Sumerian copper panel

The Tell al-'Ubaid Copper Lintel or Imdugud Relief is a large copper panel found at the ancient Sumerian city of Tell al-'Ubaid (in modern southern Iraq). Excavated by the English archaeologist Henry Hall in 1919, the frieze is one of the largest metal sculptures to survive from ancient Mesopotamia and is now preserved in the British Museum.

==Discovery==
The sculpture was discovered in 1919 at the base of a temple foundation made from mud and brick at the isolated Sumerian site of Tell al-'Ubaid, close to the ancient city of Ur in southern Iraq. Archaeologists have determined from extant inscriptions and sculptures that the temple was dedicated to the goddess Ninhursag. Based on where it was originally found, it has been suggested that the copper panel was located above the temple door, in full view of the congregation. Soon after its discovery, the sculpture was shipped to London as part of the British Museum's share of the finds.

==Description==
This impressive metal relief was found in a parlous state and had to be heavily restored by conservators afters its discovery. The central figure in the restored lintel shows the lion-headed eagle Imdugud who is the symbol of the god Ningirsu. Flanking either side of the god are two stags, one of whose heads has been restored. The relief was beaten out of a very large piece of copper and almost seems to stand apart from the background. For an object of this size to survive is unusual as most metal artefacts were melted down for their bullion value in antiquity.

==See also==
- Copper Bull

==Bibliography==
- H.R. Hall and C.L. Woolley, Ur Excavations, vol.
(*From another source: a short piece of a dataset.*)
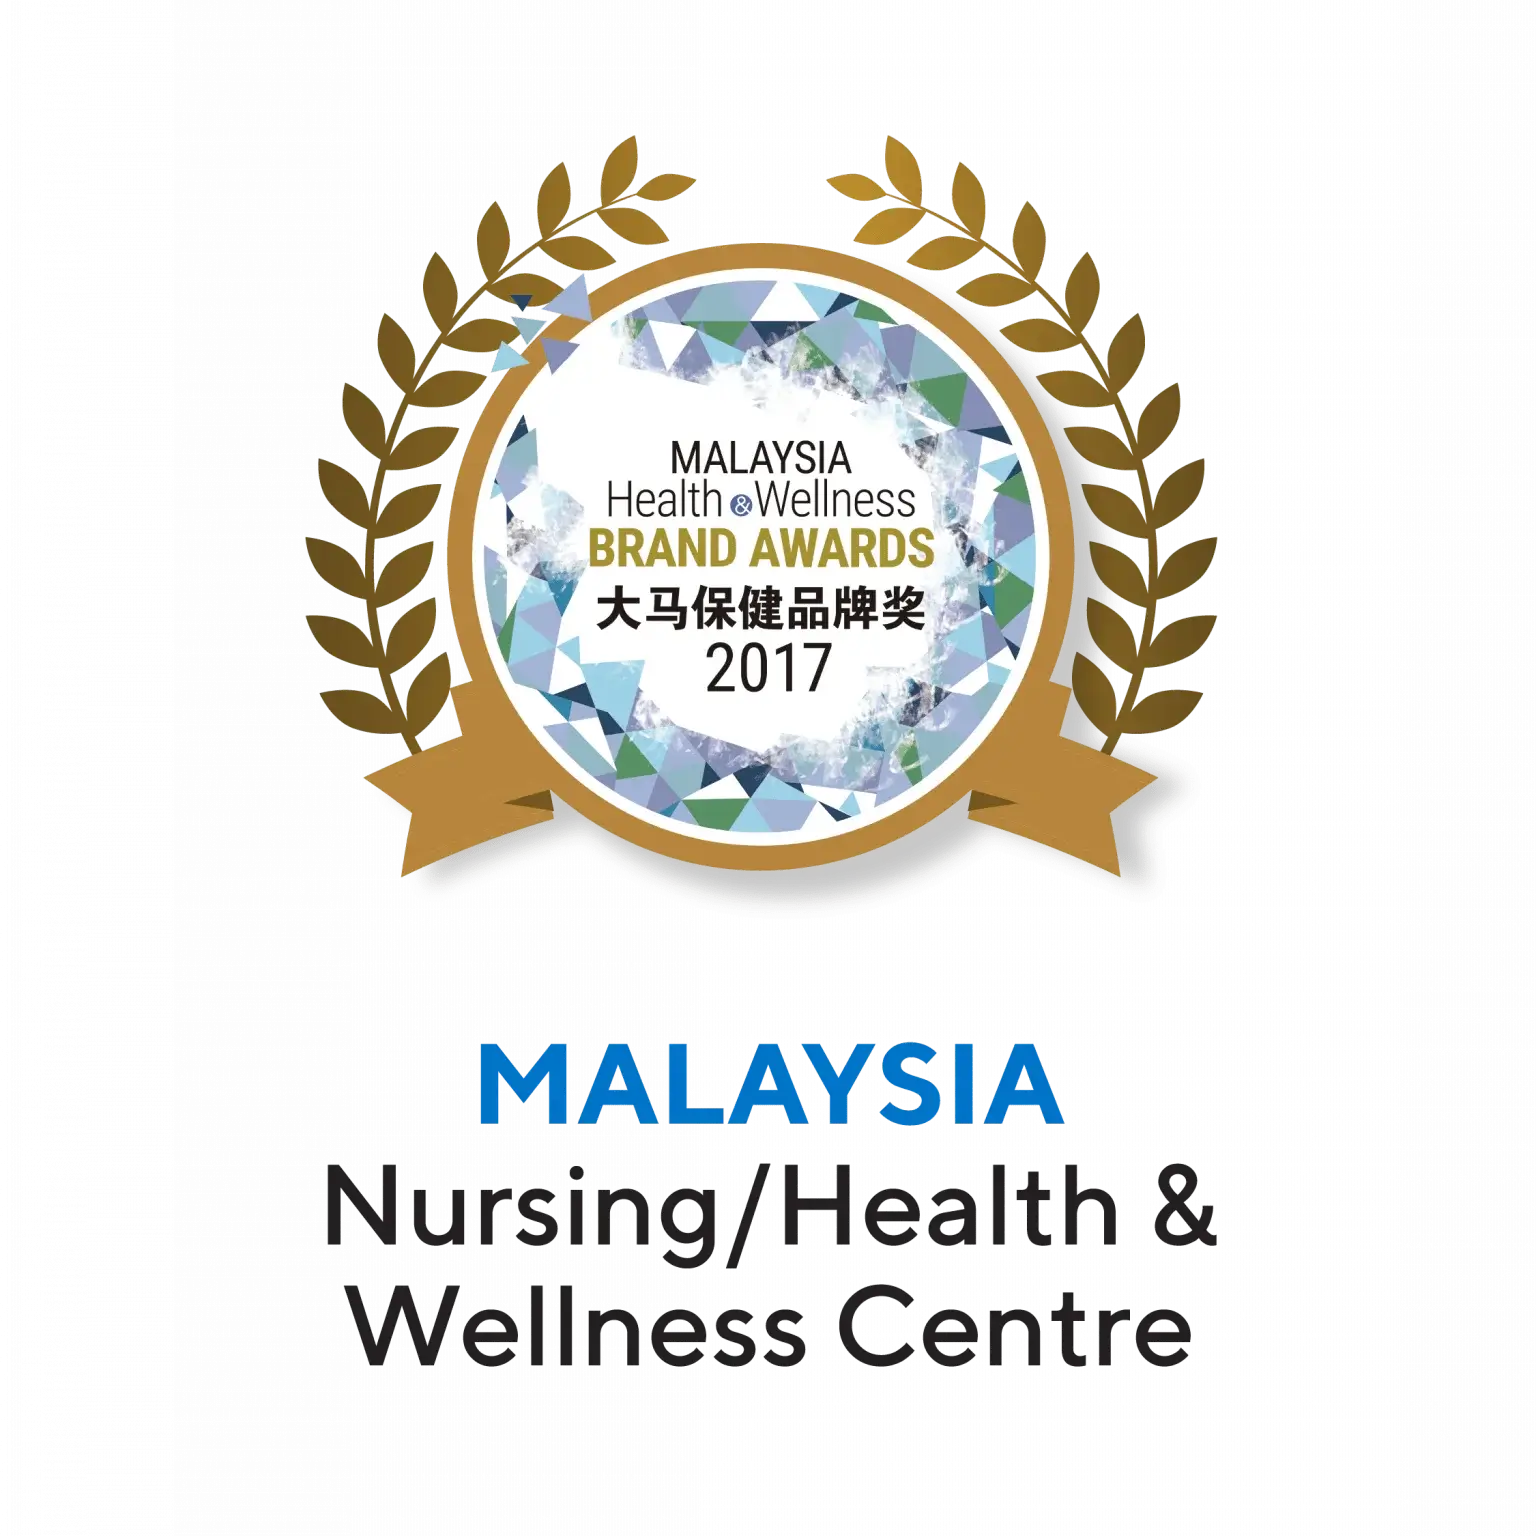 malaysia-nursing-health-and-wellness-centre-awards-beacon-hospital-malaysia

I: Al-Uba (London, Oxford University Press, 1927)
- T. C. Mitchell, Sumerian art: illustrated by objects from Ur and Al-'Ubaid (London, The British Museum Press, 1969)
- H.W.F. Saggs, Babylonians (London, The British Museum Press, 1995)
- D. Collon, Ancient Near Eastern art (London, The British Museum Press, 1995)
- M. Roaf, Cultural atlas of Mesopotamia (New York, 1990)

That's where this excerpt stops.